Dito isso o ilustre frei retorna à cena brasileira : "Dinheiro vivo na boca do caixa…[...]
Protegidos pelo manto da imunidade, eles se abrigam na escuridão, posando de vítimas ao relampejar dos holofotes da mídia. Aqui embaixo somos envenenados pelo cheiro da podridão [...]". E fulmina : "… quando a repulsa paralisa a platéia, a impunidade campeia".
Mas o que é isto que estou lendo ? pensei. O Frei Betto desancando o mensalão e até convocando a platéia a dirigir sua repulsa contra os atores ?
Olhei a data : 12 de julho de 2007. Olhei o título : "A Senatorial República". Portanto, não era ao mensalão a referência principal do artigo : por que haveria o Betto de detonar o Senado naquele contexto?
Fui pesquisar a data. Ah sim, entendi. Tratava-se do affair Renan Calheiros . Então presidente do Senado, o ilustre homem público alagoano estava por um fio, metido numas complicações de compra de gado, lobby e não sei mais o quê.

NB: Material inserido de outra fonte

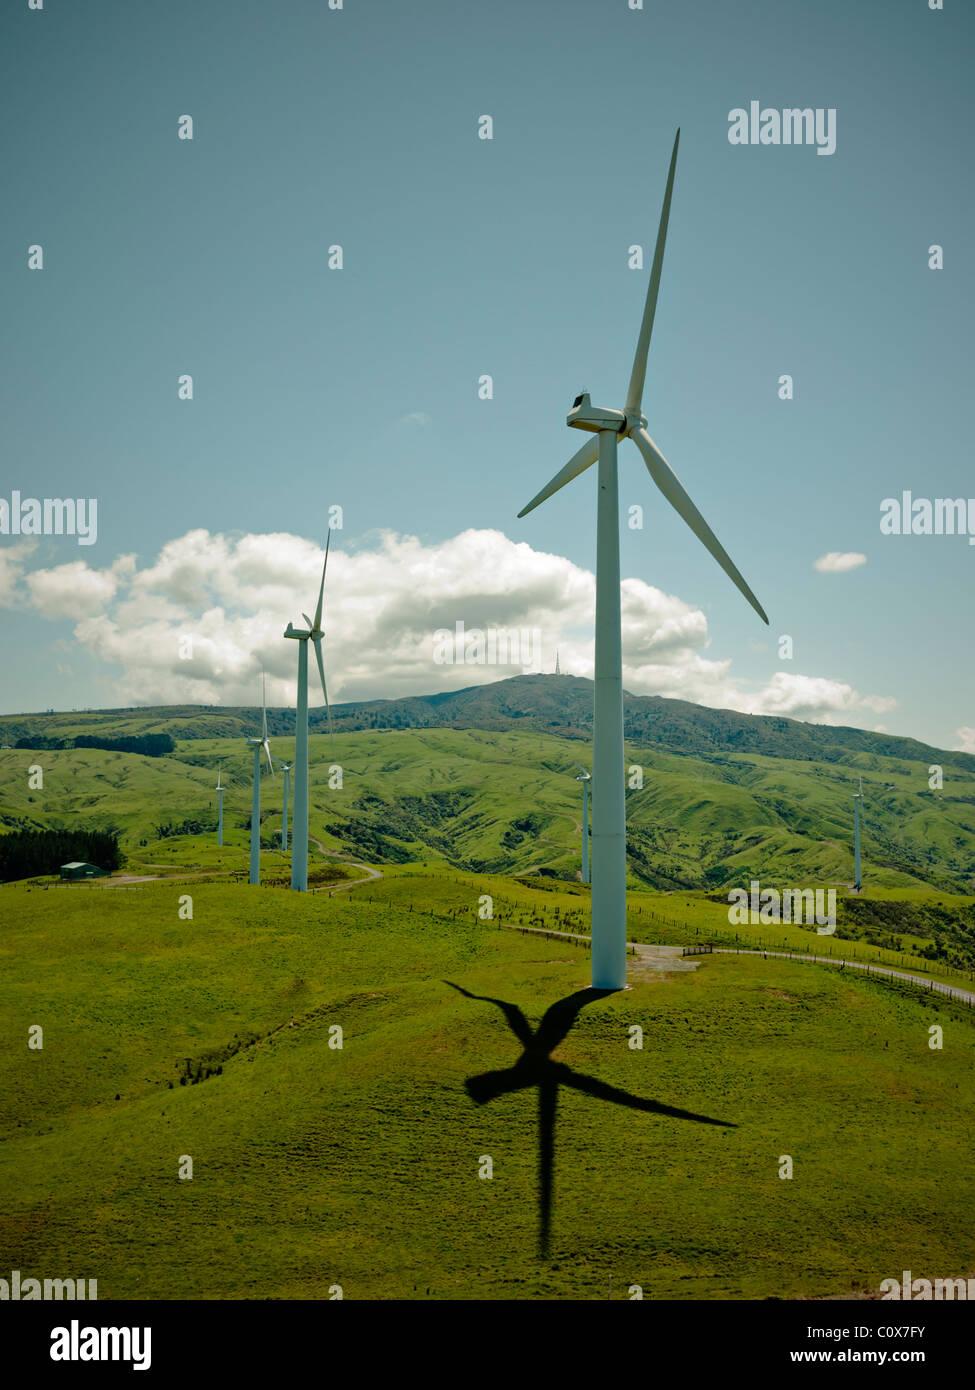 Wind turbine, Te Apiti wind farm, New Zealand. - Stock Image
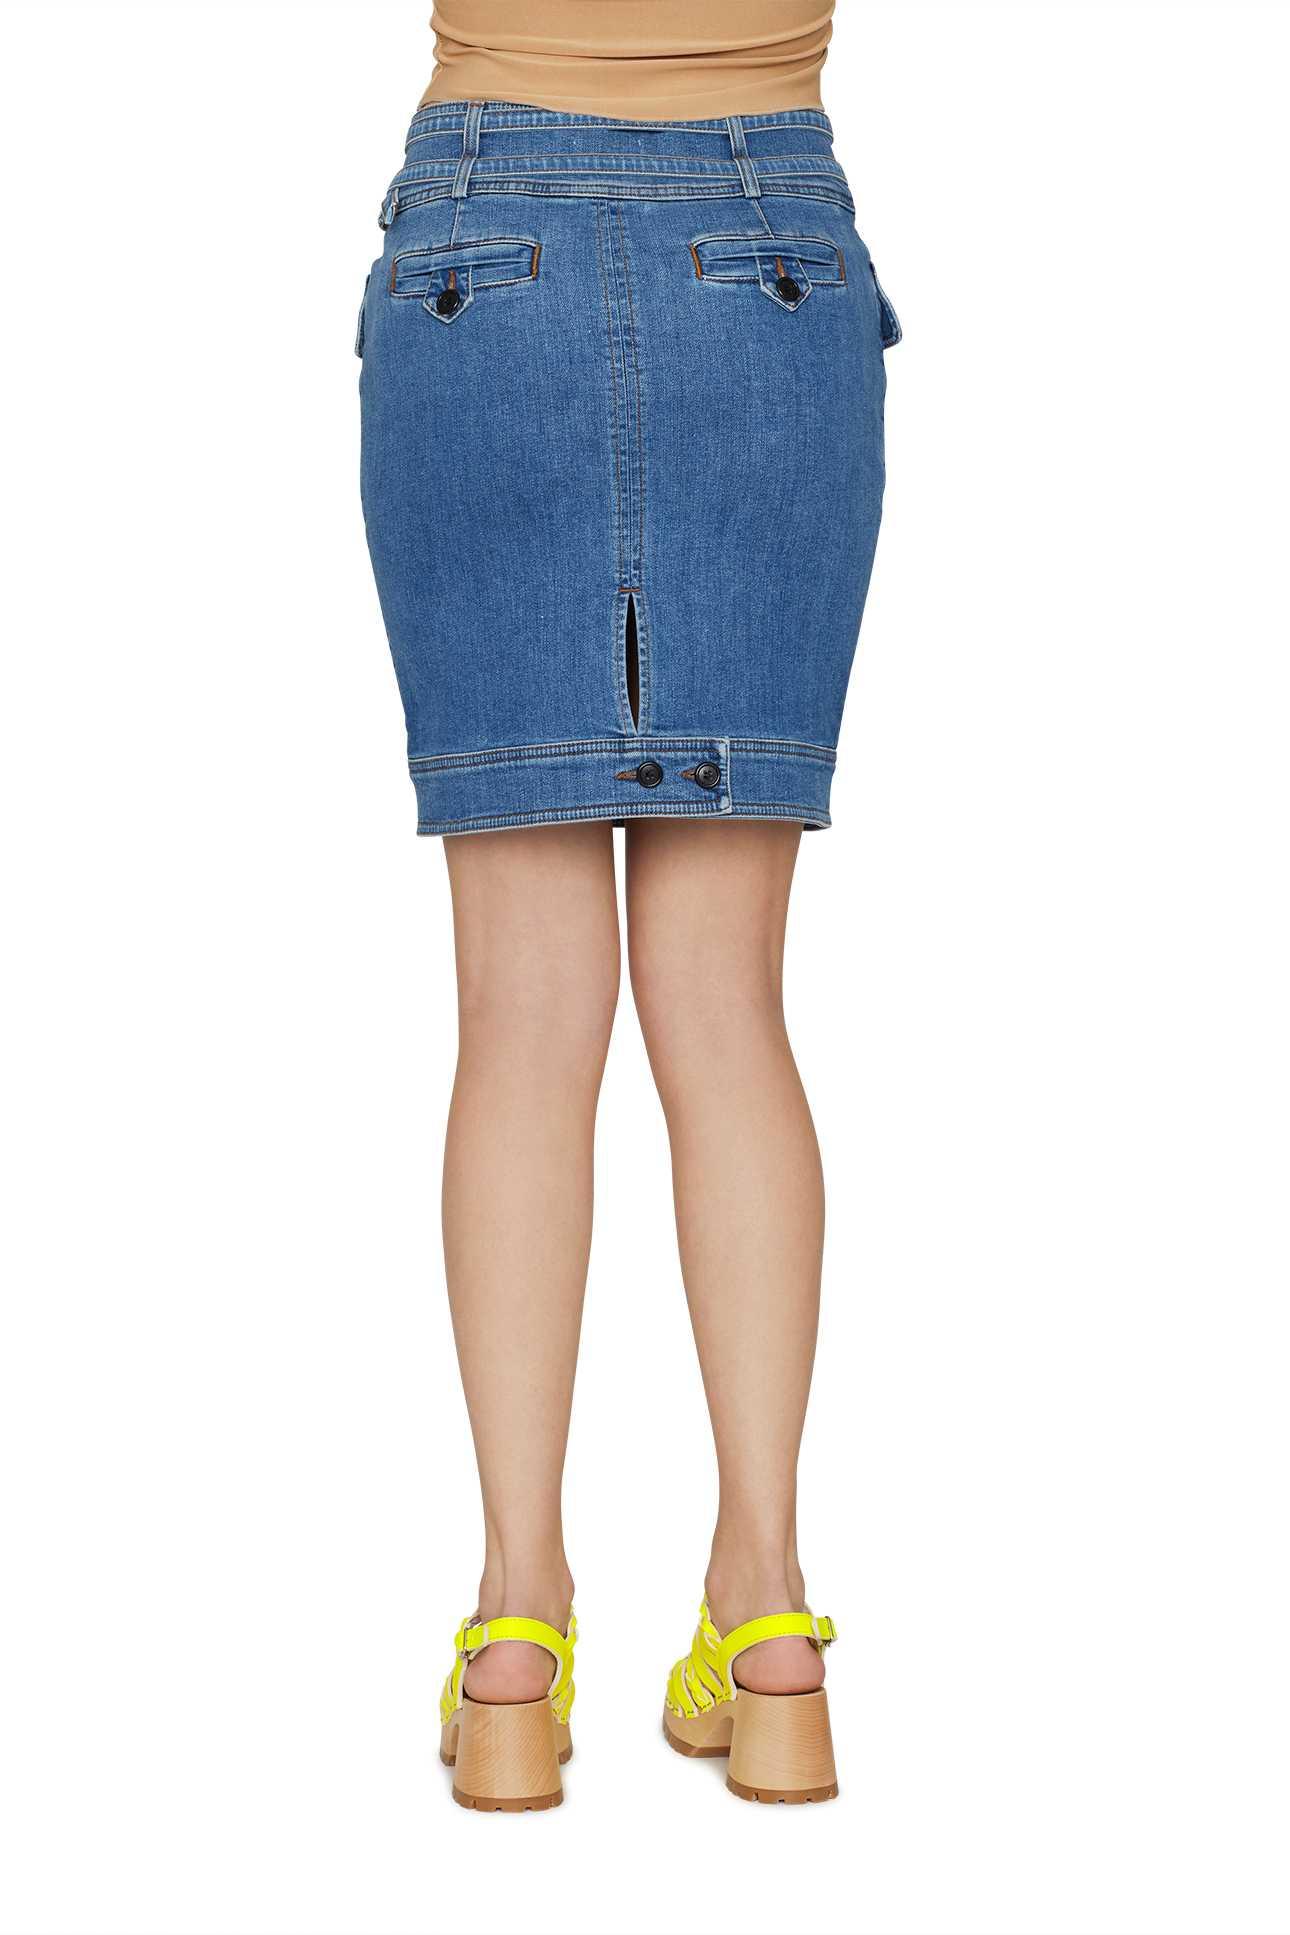 Product image Cargo Skirt

No Senado, a posição mais contundente contra Renan – estou aqui me baseando numa excelente matéria assinada por Otávio Cabral na Veja de 04.07.07 – foi a do PFL, exigindo que ele deixasse o comando da Casa.
Pressionado para valer, Renan procurou o pessoal do PT, exigiu a destituição de um petista da comissão de ética e se queixou da demora de Lula em recebê-lo . Estava tentando havia cinco dias.
Foi então que Renan parou os trabalhos e sentou em cima de algumas matérias de interesse do governo.
Na noite desse dia – arremata Otávio Cabral -, "Lula encerrou seus cinco dias de silêncio e convidou Renan para uma conversa no dia seguinte. Ao presidente, Renan fez a catilinária de praxe.
Disse que haveria a ameaça de crise de governabilidade e que tudo não passava de disputa antecipada sobre a sucessão de 2010. Parece que Lula acreditou na patacoada, ou tem outros temores sobre os saberes de Renan, pois orientou seus líderes a trabalhar pelo senador – e, com isso, tudo mudou".
Bom, eu também já posso ir arrematando por aqui. A essa altura – 2007 -, Lula já se sentia acima do bem e do mal. Talvez até já estivesse querendo imitar Zeus, que tirou uma candidata de sua cabeça.
Quem pode o mais, pode o menos – como dizem os advogados. Quem tira uma candidata da cabeça, por que haverá de respeitar meras leis eleitorais, coibir desmandos na Receita ?
Se quiser, quem o impede de "extirpar" a oposição ?
Os poderes do Olimpo só não se mostraram suficientes no caso do terceiro (aliás terceira) titular da Casa Civil, a doutora Erenice Guerra. Alvejada pelas revelações da Veja e da Folha, ela não teve como se manter no palco. Afundou nele, abrindo no chão um senhor rombo.
Devo porém confessar que a frase do Frei Betto ainda ecoa em meus ouvidos : "… quando a repulsa paralisa a platéia, a impunidade campeia".